И слышно не должно быть, однако слышно, как играет расписанное надписями чёрное пианино. Разносится по слепящему своими огнями зданию Главного вокзала знаменитая композиция Клинта Мэнселла, что сменяет беззаботный «Собачий вальс» и зарождает тревогу.

Торопит.

Будто можно опоздать.

Не на поезд – к… Север.

Она не отвечает на звонки. И после двадцатого я убираю телефон, дергаю от раздражения, а не надобности Айта, что башкой своей крутит степенно, вот только выходит всё одно с любопытством. И на взрослого серьёзного пса он не тянет, пусть и вышагивает рядом чинно, не облаивает встречных и поперечных, как в Кутна-Горе.

Айт молчит.

Глядит, поднимая голову, вопрошающе, будто понимает, знает всё.

И в сторону Вацлавской площади, что в моём понимании никогда не тянула на площадь, смахивая куда больше на проспект, мы устремляемся поспешно, лавируем среди туристов. Они же толпятся организованными могучими кучками, лепечут на своём родном и по команде гида головы в сторону очередной достопримечательности века этак девятнадцатого послушно задирают.

Восторгаются.

Фотографируют не менее восторженно.

И этот чужой восторг раздражает, злит, как и ослепляющие резкие вспышки фотоаппаратов, и щелчки затворов, и голоса пронзительные, и смех…
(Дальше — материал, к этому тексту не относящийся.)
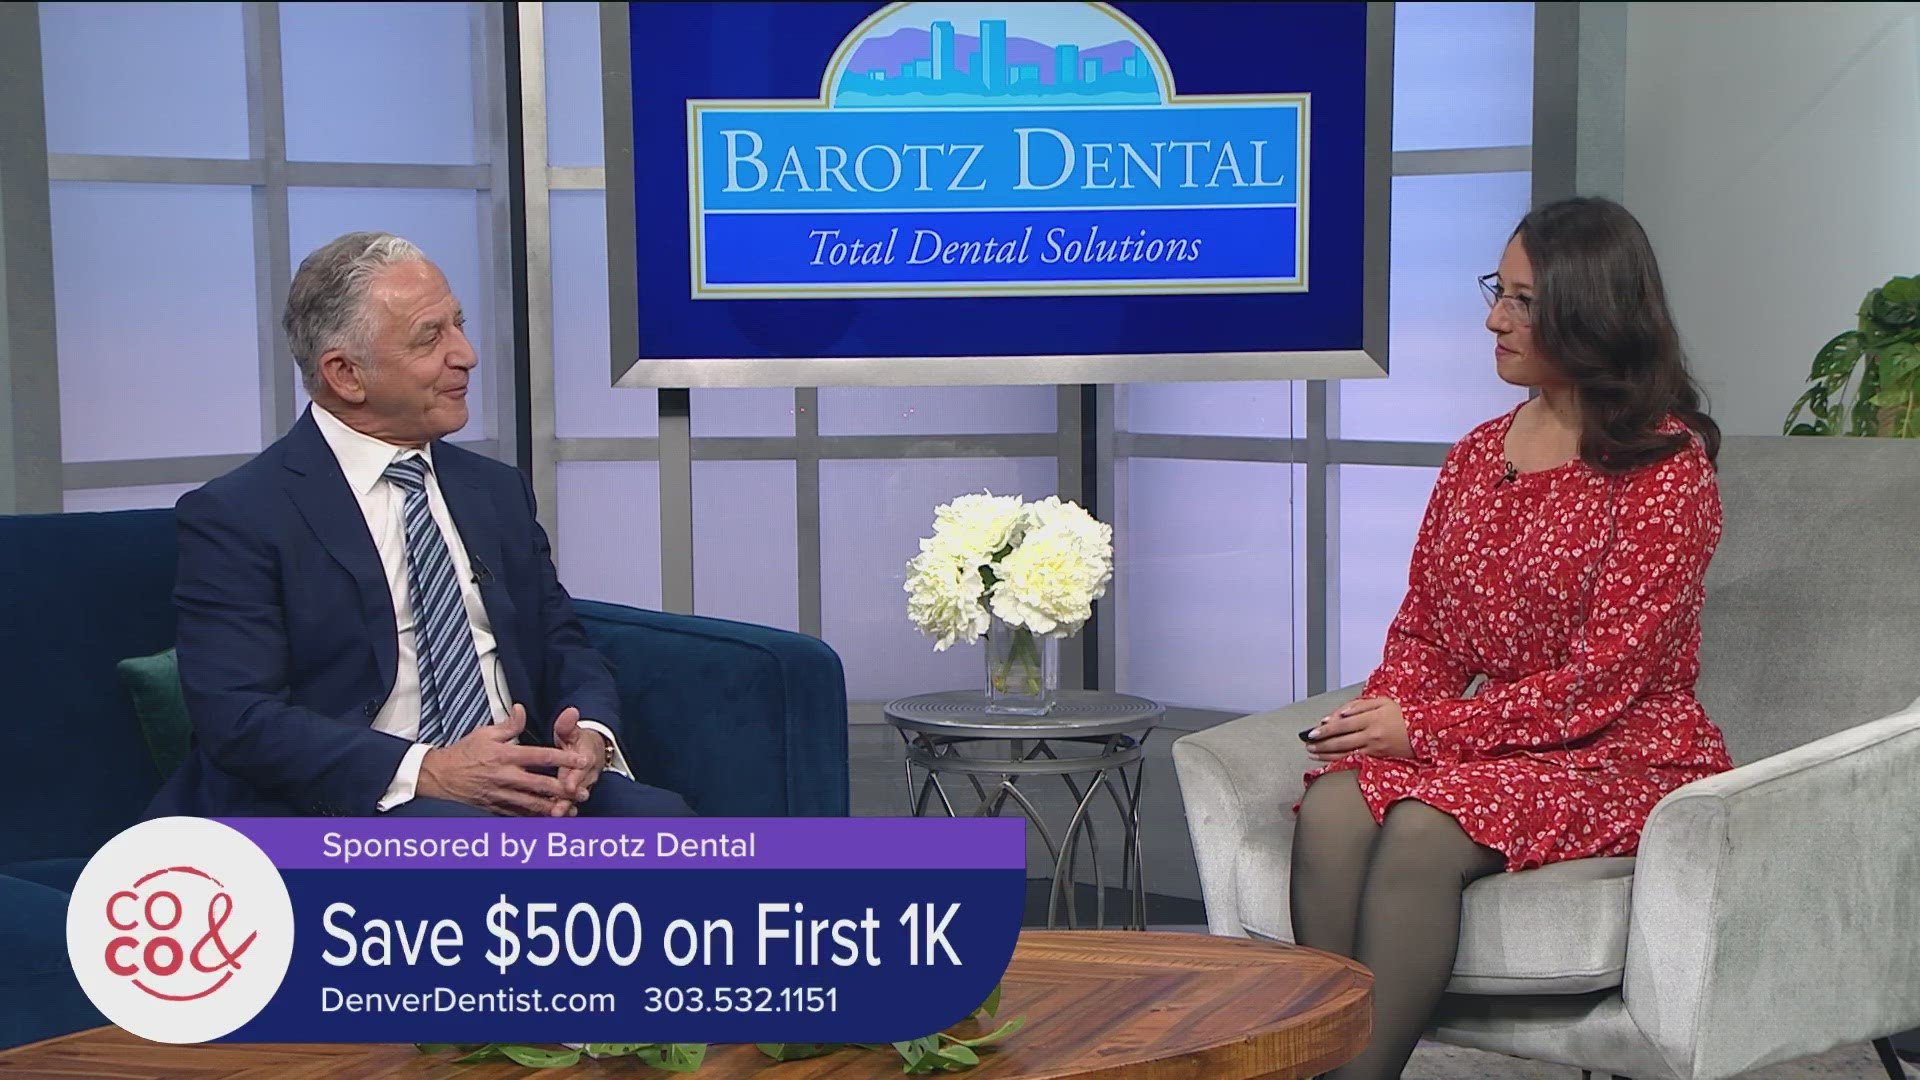 The first 20 callers to 303.532.1151 will get $500 off the first $1000 in treatment, or a free CT Scan. Learn more at DenverDentist.com. **PAID CONTENT**

Какого хрена, обыкновенного, Север не отвечает?

Злится?

Обижается?

Она сказала, что ненавидит, и удрала в свою Прагу, а значит не отвечать на звонки вполне может, в её манере, вот только… не спокойно.

И раздражённо.

И на людей, подходя к подъезду Север, я налетаю. Врезаюсь плечом в старика, который неловко покачивается, роняет трость, и о брусчатку она гулко ударяется, катится к Айту. Он же внезапно щерится.

Рычит.

А старик бормочет невнятно.

Непонятно.

И его спутник его же перебивает, улыбается извиняюще и располагающе, чтобы под руку старика придержать, протянуть тягуче и певуче:

– Простите моего дядю. Он слегка не в себе. Вы в порядке?

– Да, – я соглашаюсь.

Отступаю.

И Айта, который рычит глухо и на одной ноте, за ошейник я перехватываю, вглядываюсь в парочку, в которой есть что-то неуловимо неправильное.

Что-то, что толкает задержаться, предложить:

– Может нужна помощь? Я… врач.

Был.

Когда-то был, по крайней мере.

Оперировать мне больше никто и никогда не даст, но тут другое и знания у меня есть. И мне нужна ещё хотя бы минута, чтобы понять, разобраться, что не дает покоя в щегольском старике, у которого из нагрудного кармана костюма, в полоску, торчит розовый платок.

И лента шляпы розовая, в цвет платку.

Как и виднеющиеся носки.

Настоящий модник, который поправляет съехавшие круглые очки, и выглядит он…

– Не думаю, – племянник сообщает решительно, и мысль, почти пойманная, ускользает безвозвратно, теряется в этой решительности, – мы справимся сами. Ещё раз прошу прощения.

– И я у вас, – я отвечаю машинально.

Сторонюсь, чтобы к машине, замершей у обочины, племянник дядю сопроводил, открыл заднюю дверь, усадил.

Заботливо.

Иль… поспешно.

И мне, закрыв за дядей дверь, племянник на прощание чуть кланяется, садится на пассажирское сиденье впереди. Трогается машина, катится медленно к повороту и светофору, который загорается в аккурат зелёным. И надо набирать номер квартиры Север, вот только я смотрю вслед автомобилю.

Думаю.

И из задумчивости меня выводит Айт. Он отрывисто гавкает и лапой по джинсам, привлекая внимание, призывно скребет. И девушку, что держит дверь открытой и смотрит и удивленно, и вопросительно, я наконец замечаю.

Она же повторяет свой вопрос:

– Вы будете заходить?

– Будем, – я соглашаюсь.

Пропускаю Айта, иду следом, дабы позолоту нисколько не поблекшую за прошедшие года рассмотреть, вспомнить красочную фреску с библейской сценой под сводчатым высоким потолком.